SOURCE MATERIAL:
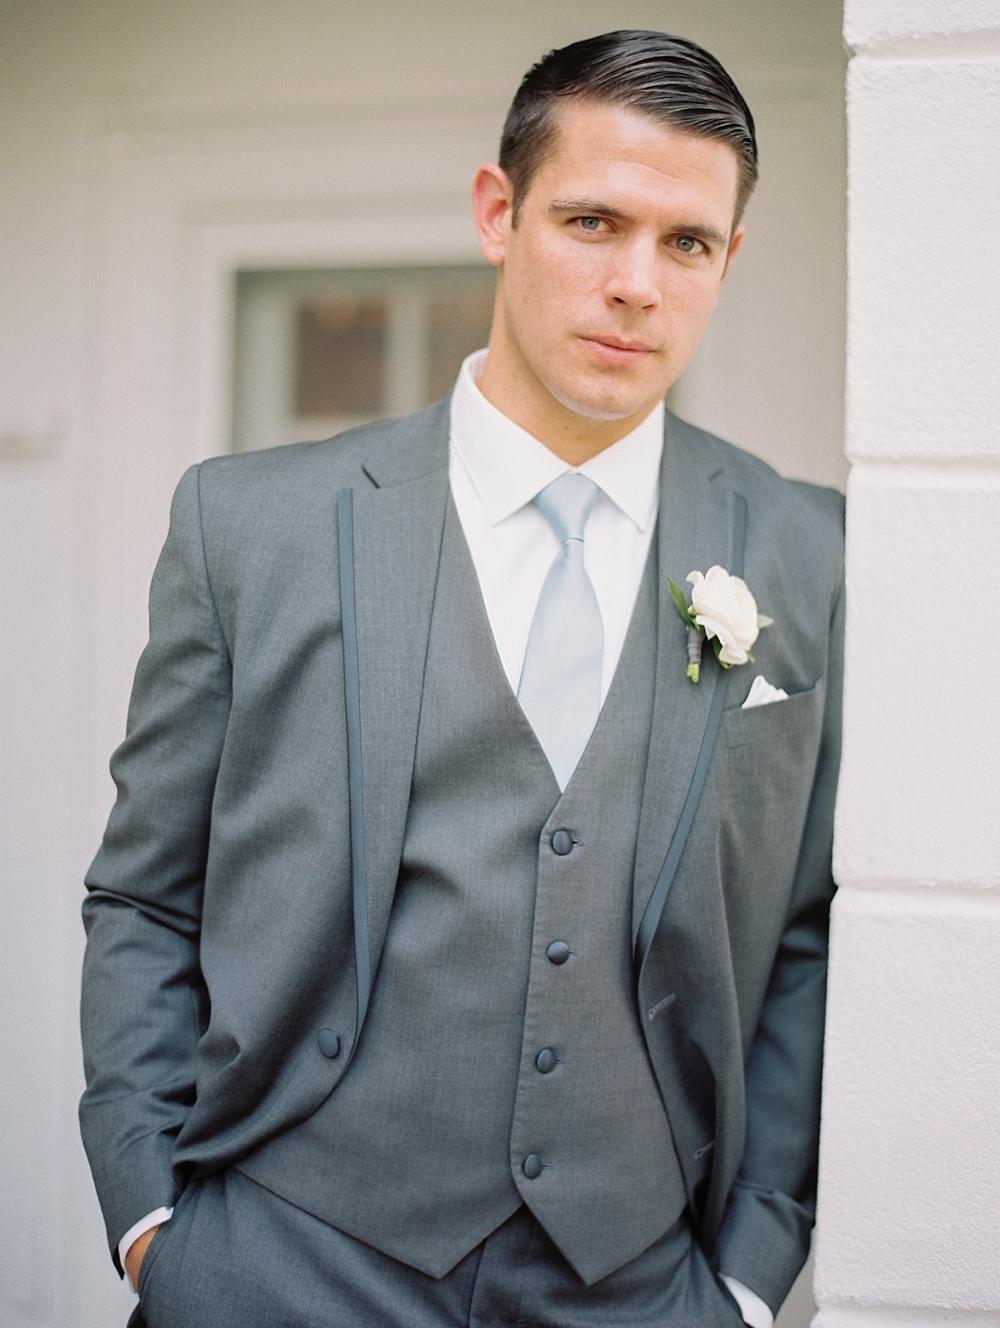 kristin-la-voie-photography-lehmann-mansion-wedding-photographer-261
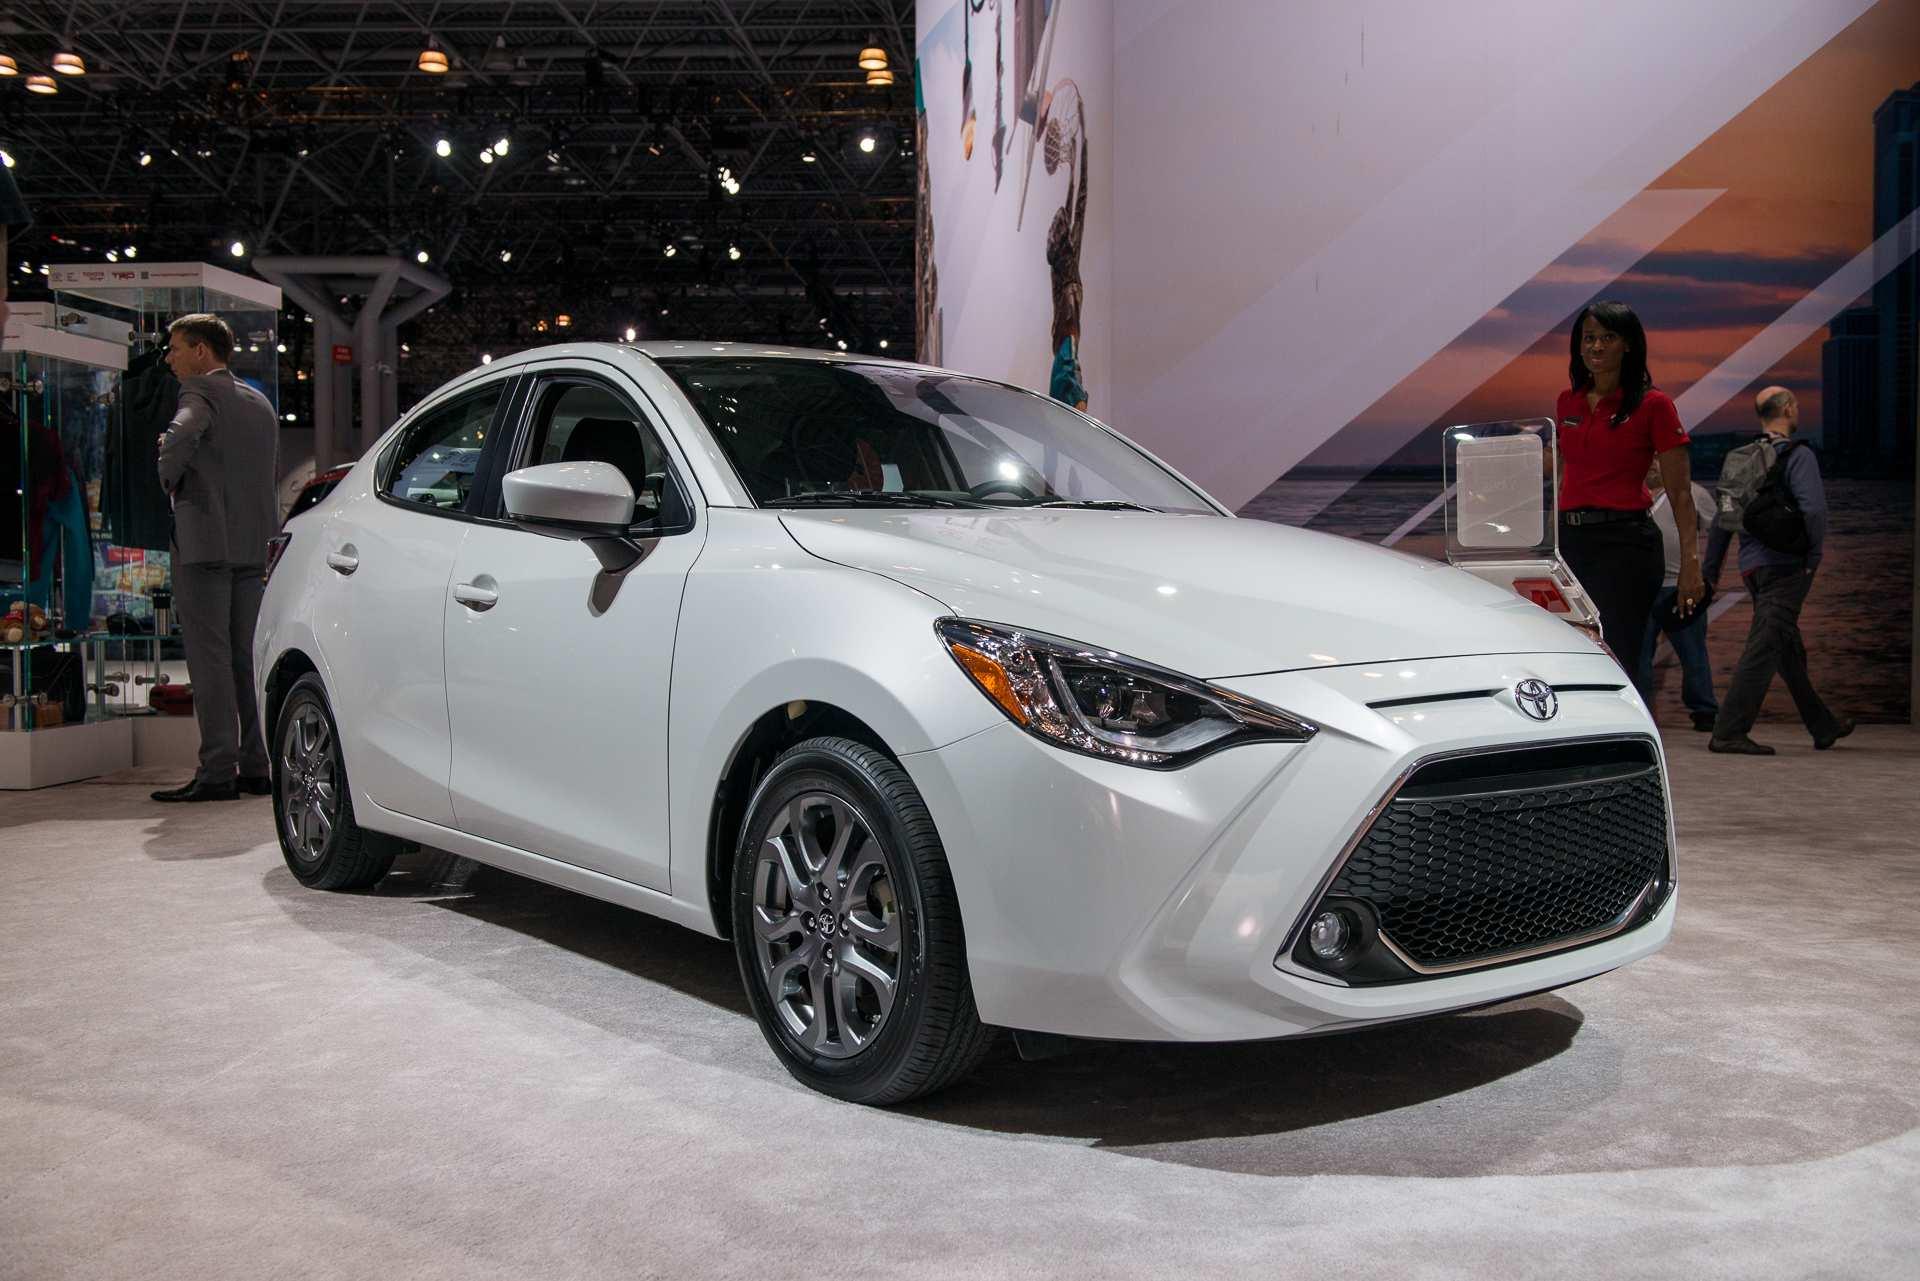 66 Concept of Toyota Yaris Sedan 2020 Specs for Toyota Yaris Sedan 2020
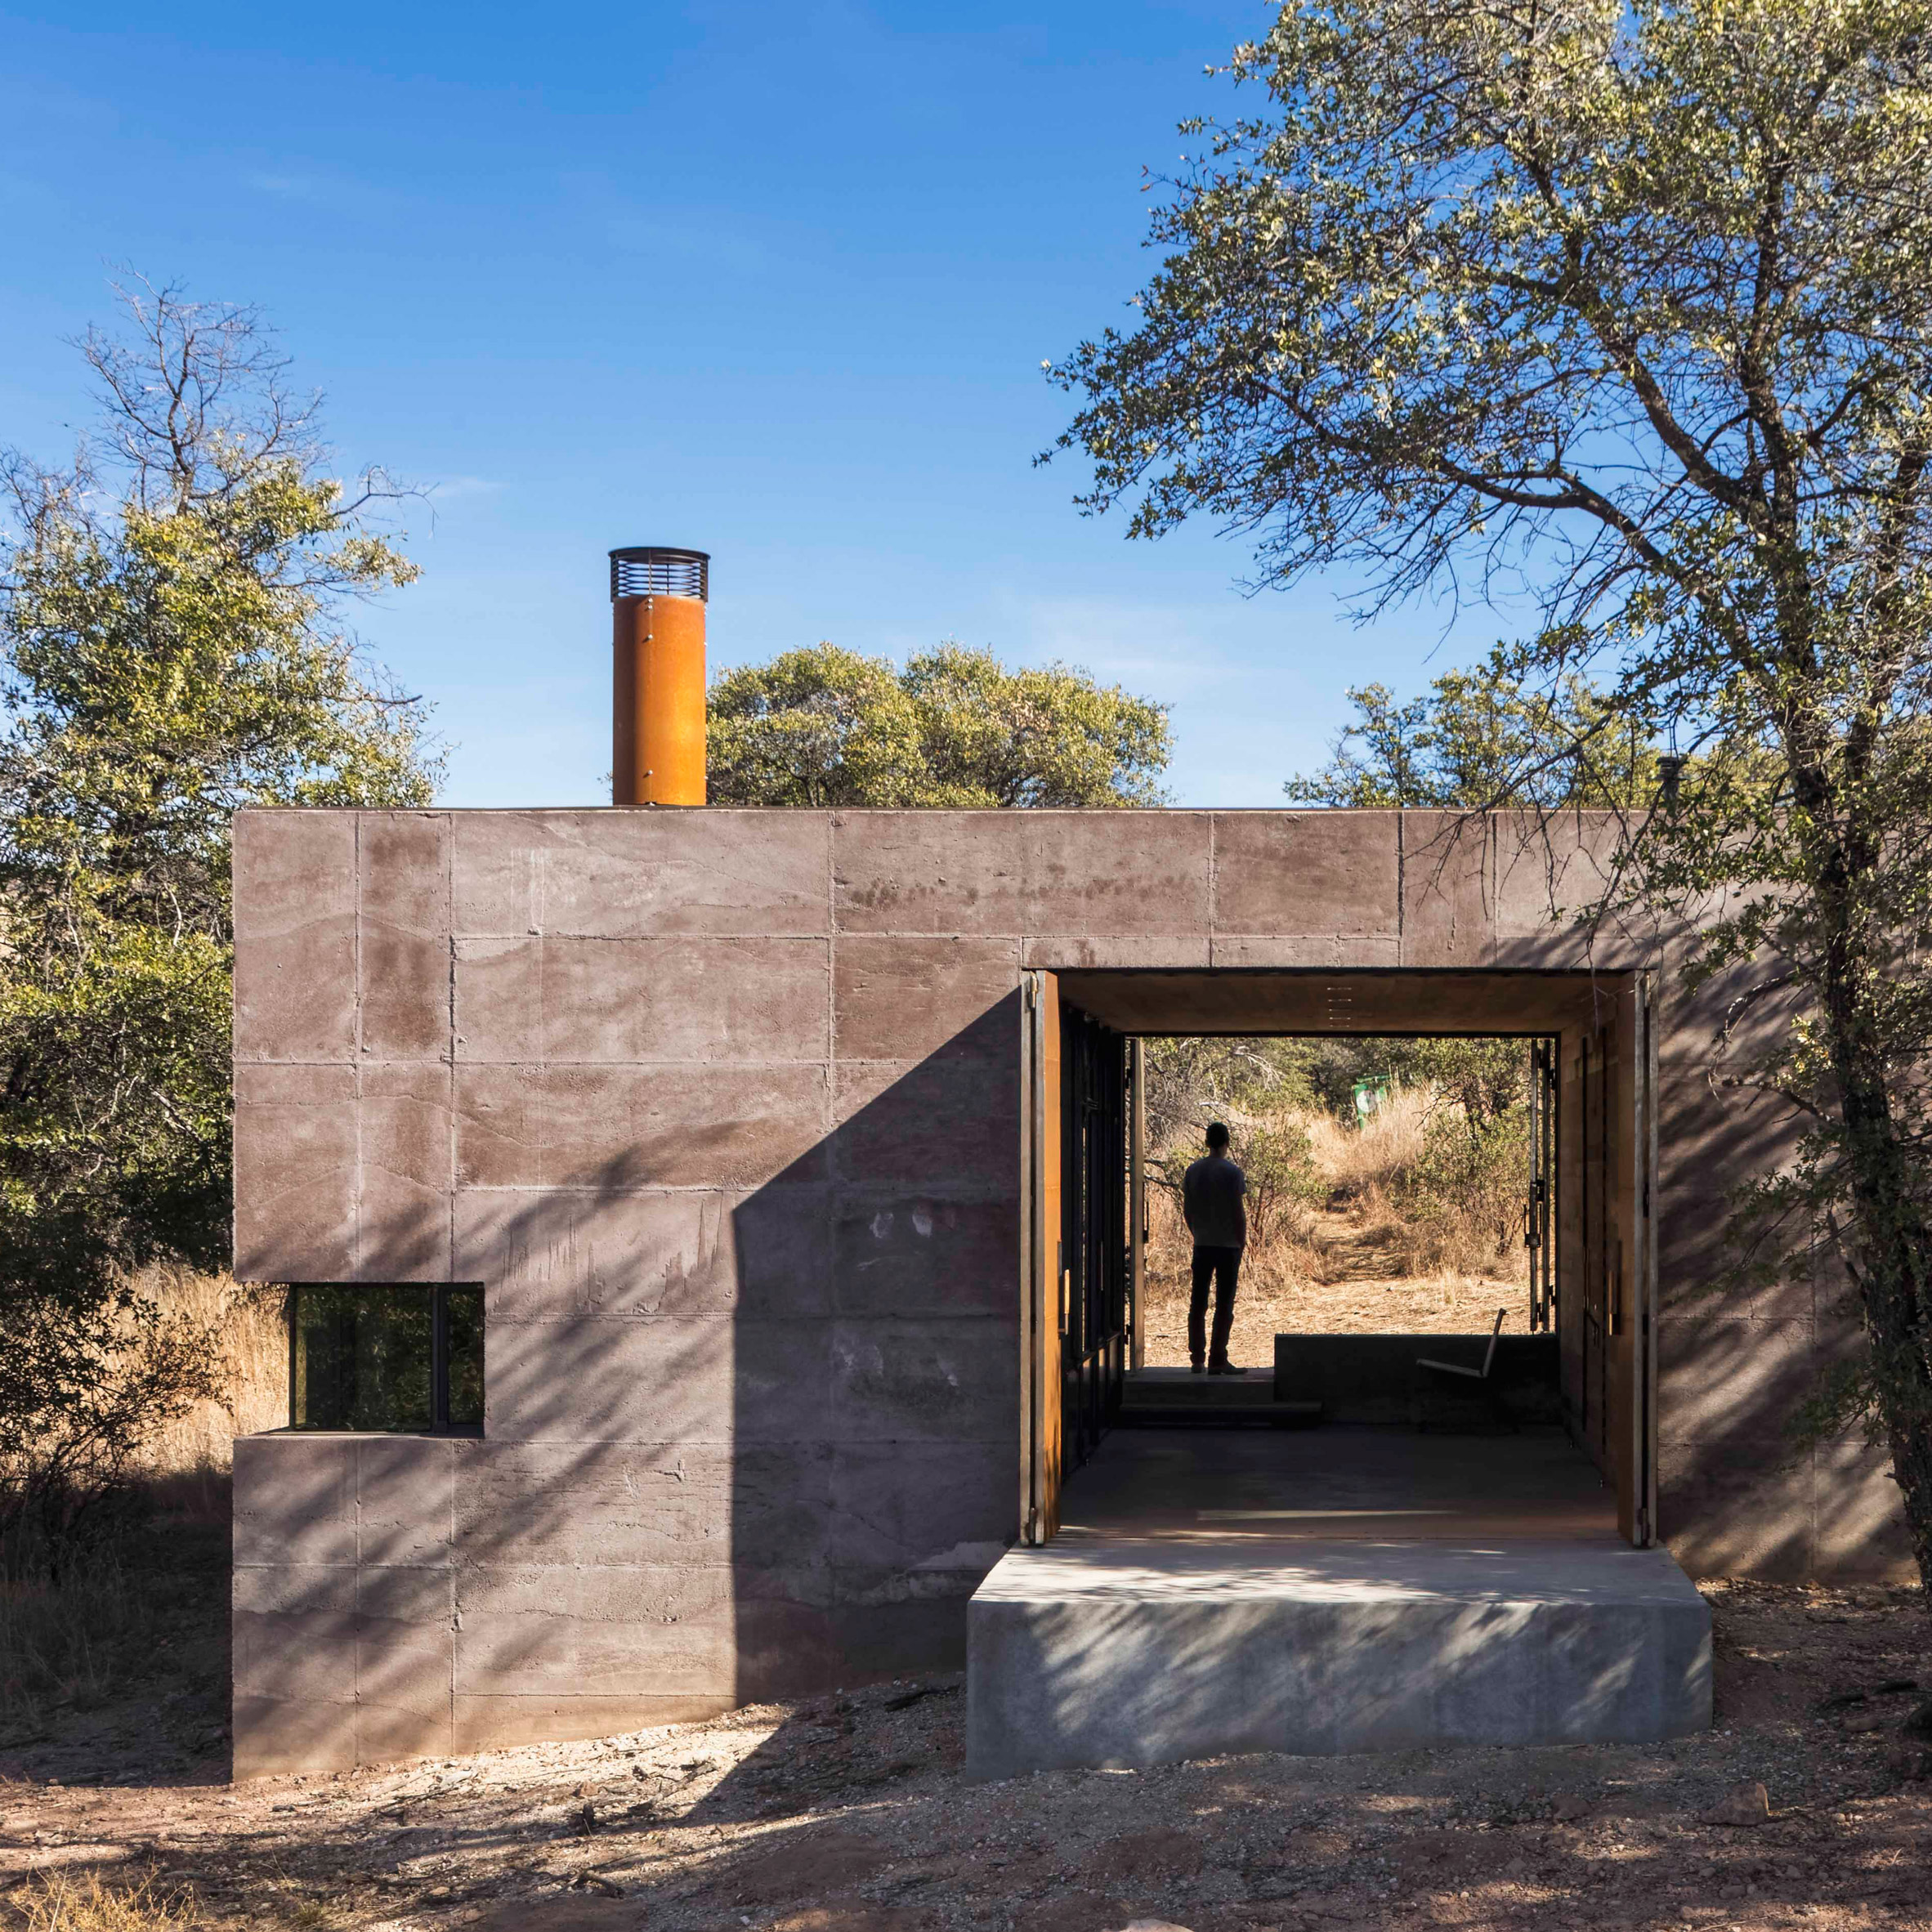 Casa Caldera by DUST

WORK TO BE COMPLETED:
Setting the pictures aside, return exactly the lines from the line with "66 Concept of" through the last line of the listing above.

SOLUTION TO THIS PROBLEM:
 66 Concept of Toyota Yaris Sedan 2020 Specs for Toyota Yaris Sedan 2020
 Casa Caldera by DUST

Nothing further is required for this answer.